The European Court of Justice has recently ruled that a company can be found guilty of colluding with its competitors even if they meet on just one occasion and the meeting does not result in higher prices for consumers.

In this case, the Dutch Competition Authority had ruled that five Dutch mobile telephone operators engaged in a ‘concerted practice’ by discussing the reduction of payments to mobile phone dealers at a single meeting. The case went to appeal before a Dutch court, which asked the European Court to clarify whether a single meeting could amount to a concerted practice. It was also asked whether such conduct could be regarded as anti-competitive even if there is no resulting impact on consumer prices.

The Court said that any exchange of information between competitors is liable to be anti- competitive if it reduces the amount of uncertainty as to the anticipated conduct of the companies. What matters is whether the meeting(s) which took place afforded them the opportunity to take account of information exchanged with their competitors in order to determine their conduct, rather than the number of meetings held. The court also said that there does not need to be a connection between that practice and consumer prices: competition rules are designed to protect not only the interests of competitors and consumers, but also to protect the structure of the market.

The court also said that unless there is evidence to the contrary, it should be presumed that a causal connection exists between the meeting and the companies’ subsequent behaviour.
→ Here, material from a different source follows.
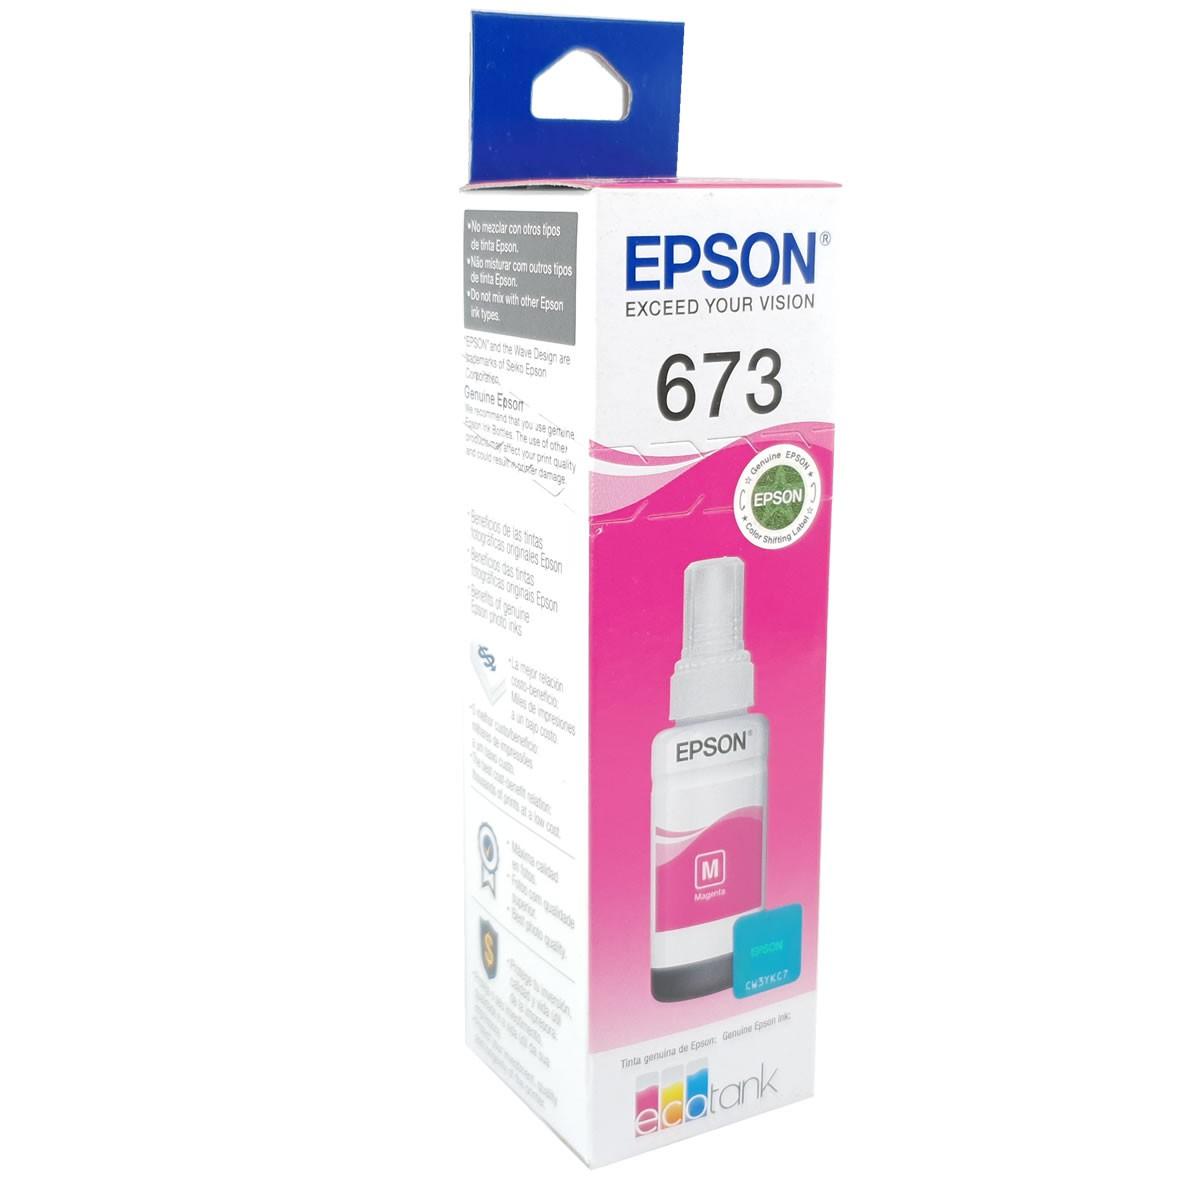 Refil de tinta EPSON T673320 Magenta 70ml para ecotank L800 L805 L810 L850 L1800

In light of this ruling, companies cannot afford to downplay the possible consequences of any contact with their competitors. It eases the burden on competition enforcement authorities by clarifying that an isolated exchange of information between competitors may constitute a concerted practice: it is not necessary to establish there has been on-going interaction. It is no defence to claim that the exchange of information did not harm customers or competitors and companies must overcome a presumption that they took account of the information exchanged.